Task brief ▸ Set down each line of the data exactly, but not the pictures.

━━━ Supplied material

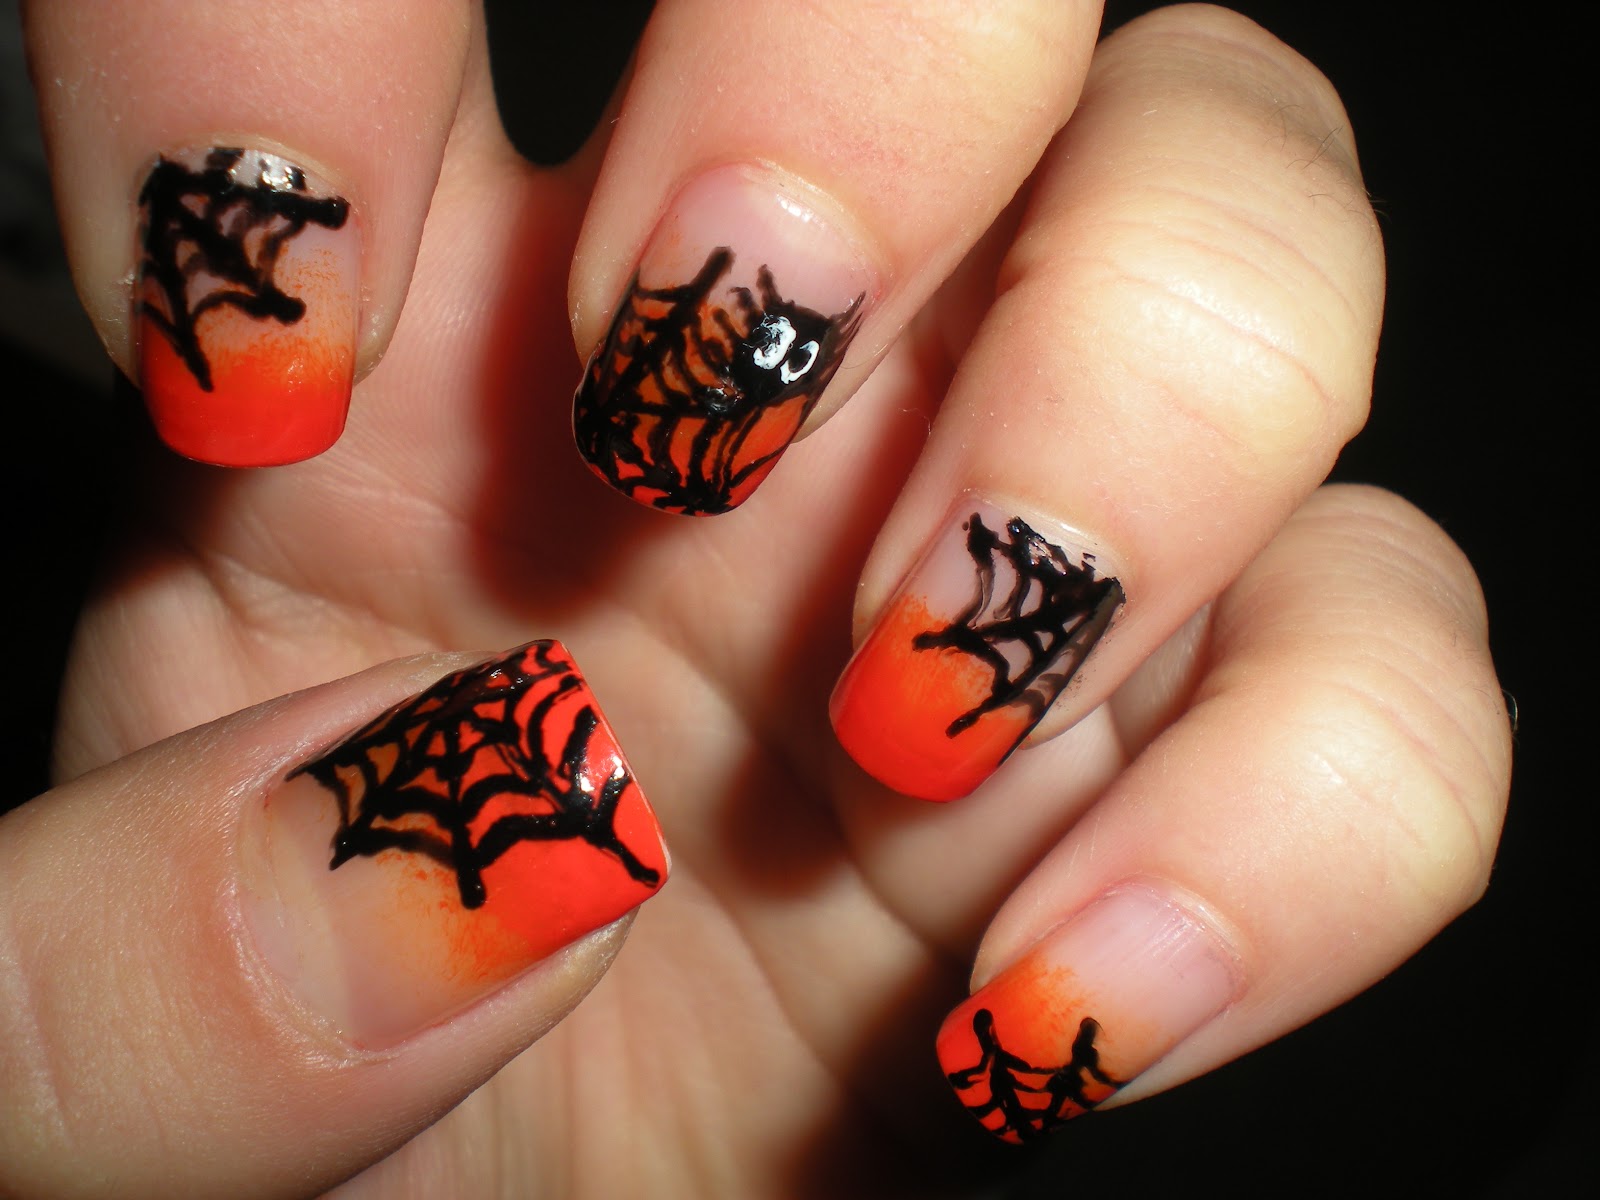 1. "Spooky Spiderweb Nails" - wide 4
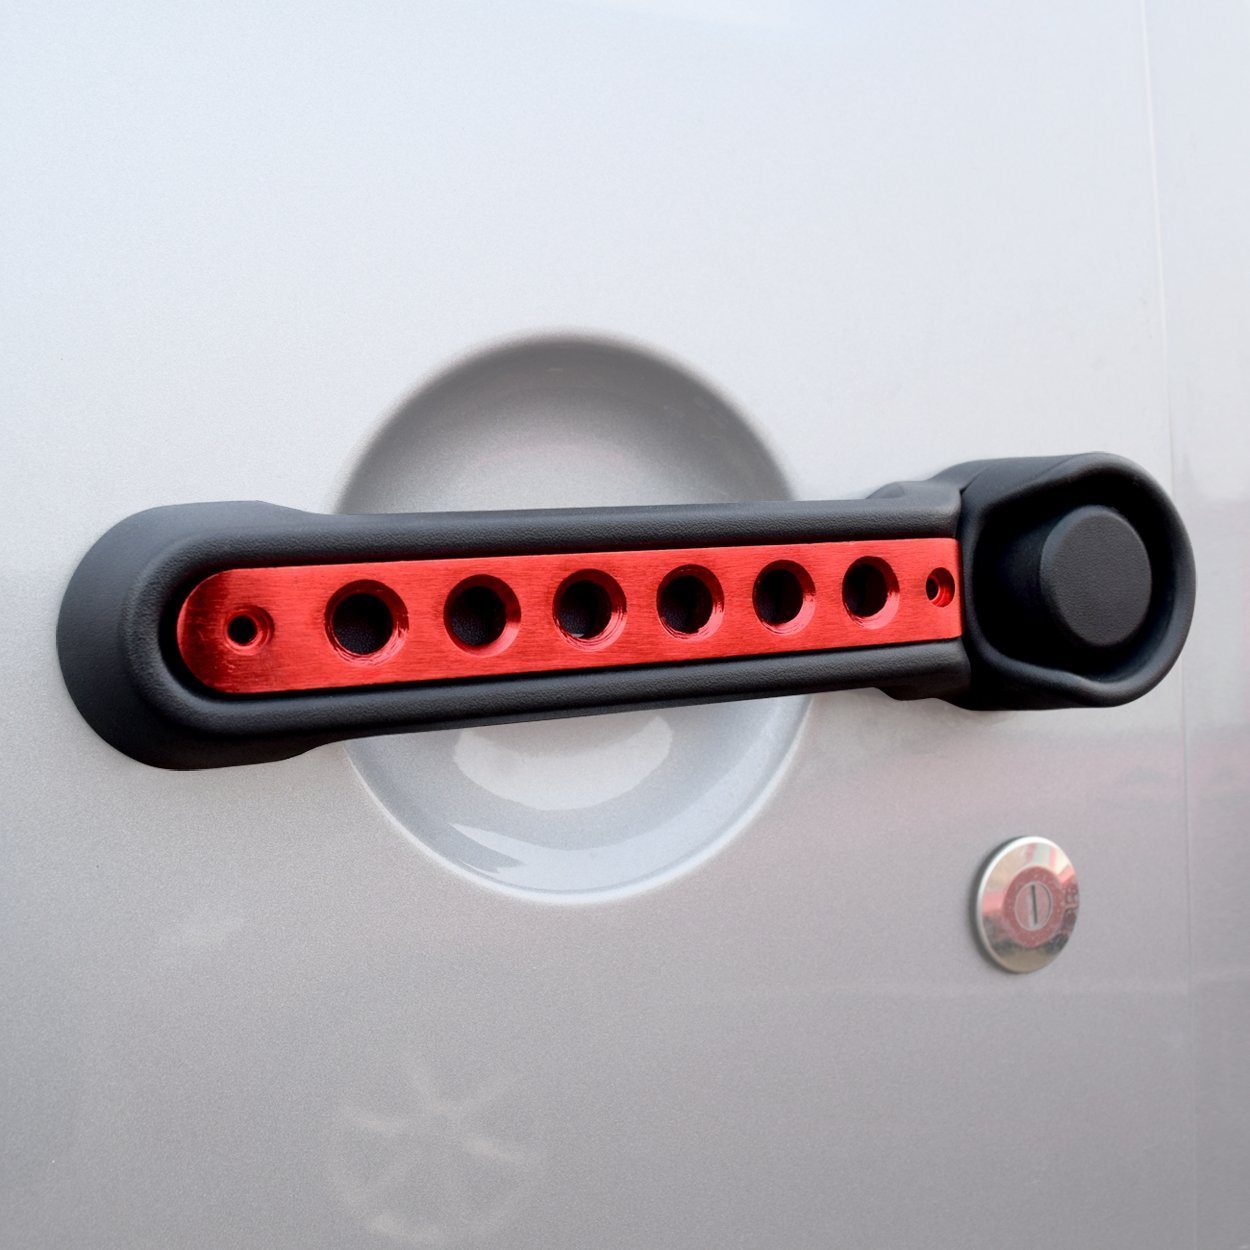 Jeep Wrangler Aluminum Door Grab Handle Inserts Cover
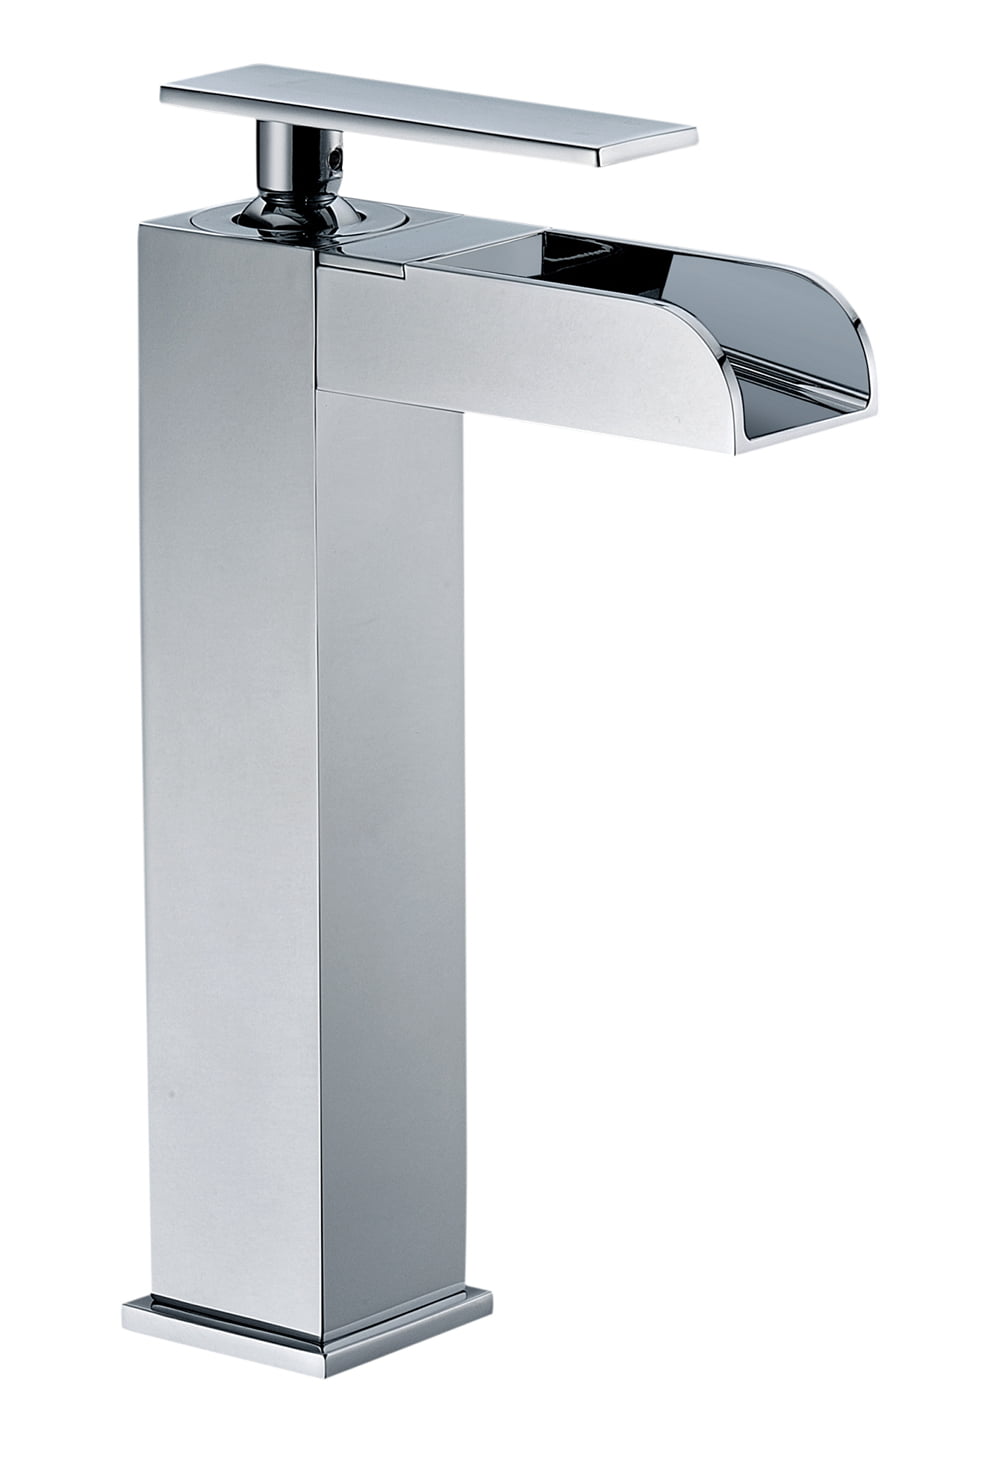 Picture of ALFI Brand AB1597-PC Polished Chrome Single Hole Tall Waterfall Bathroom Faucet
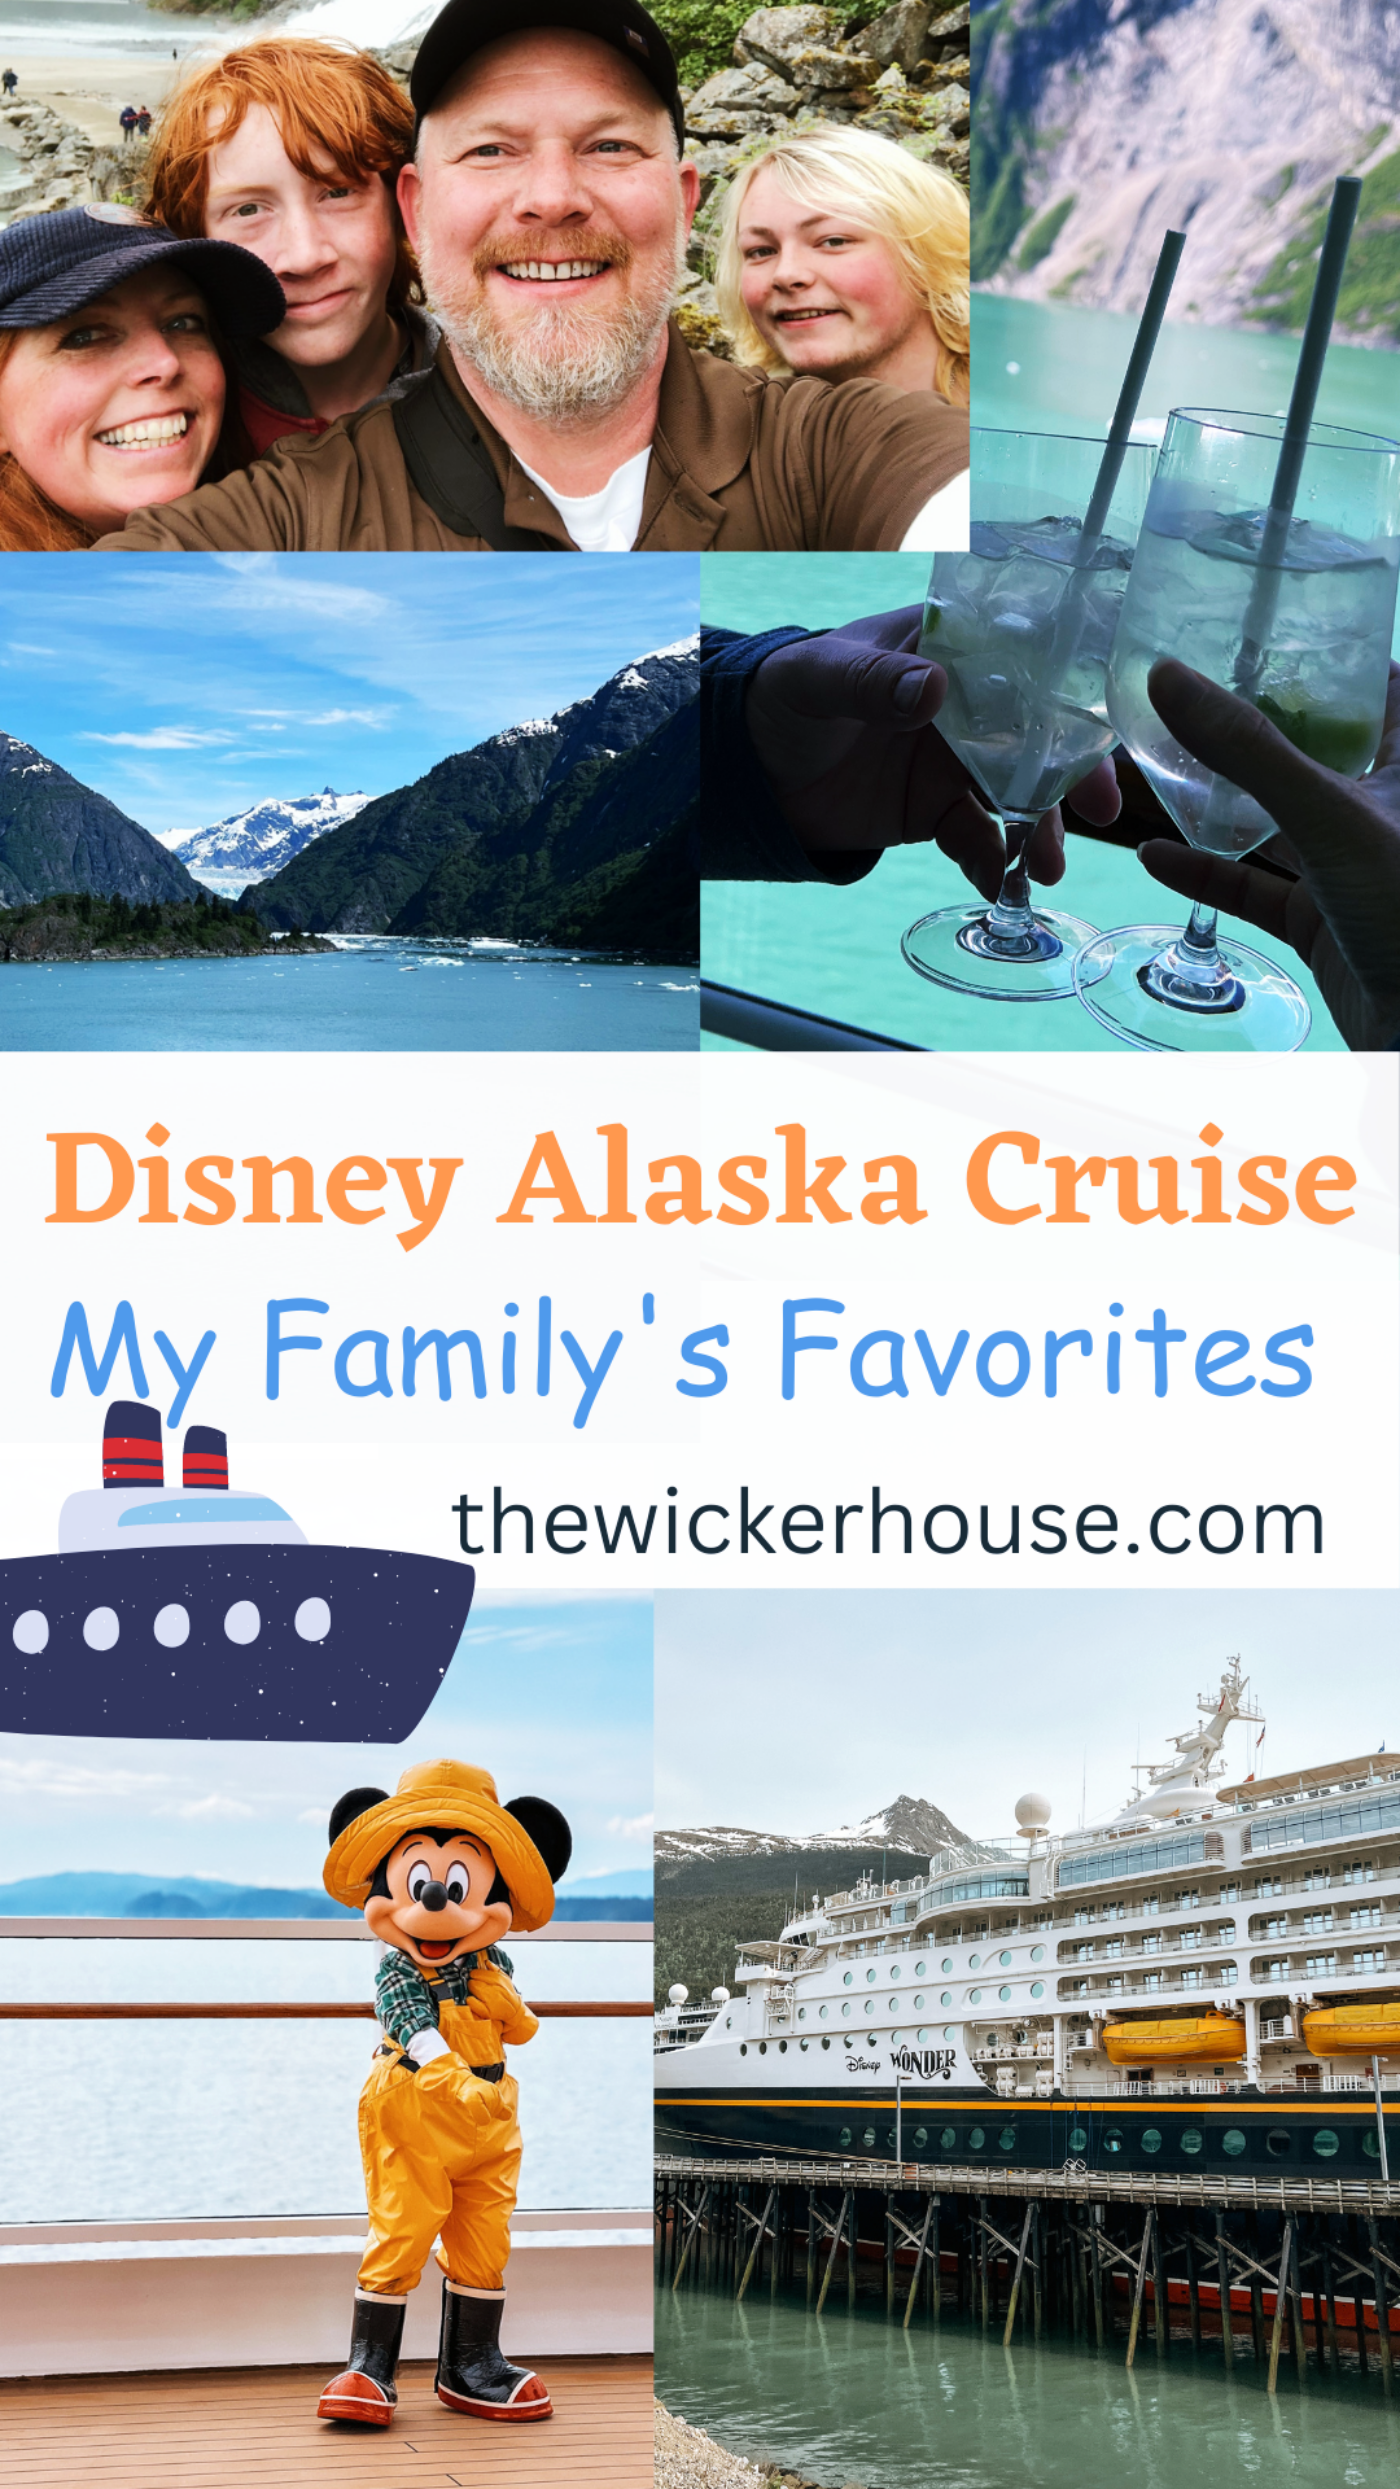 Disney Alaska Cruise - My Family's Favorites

━━━━━━

Answer to this task ▸
 1. "Spooky Spiderweb Nails" - wide 4
 Jeep Wrangler Aluminum Door Grab Handle Inserts Cover
 Picture of ALFI Brand AB1597-PC Polished Chrome Single Hole Tall Waterfall Bathroom Faucet
 Disney Alaska Cruise - My Family's Favorites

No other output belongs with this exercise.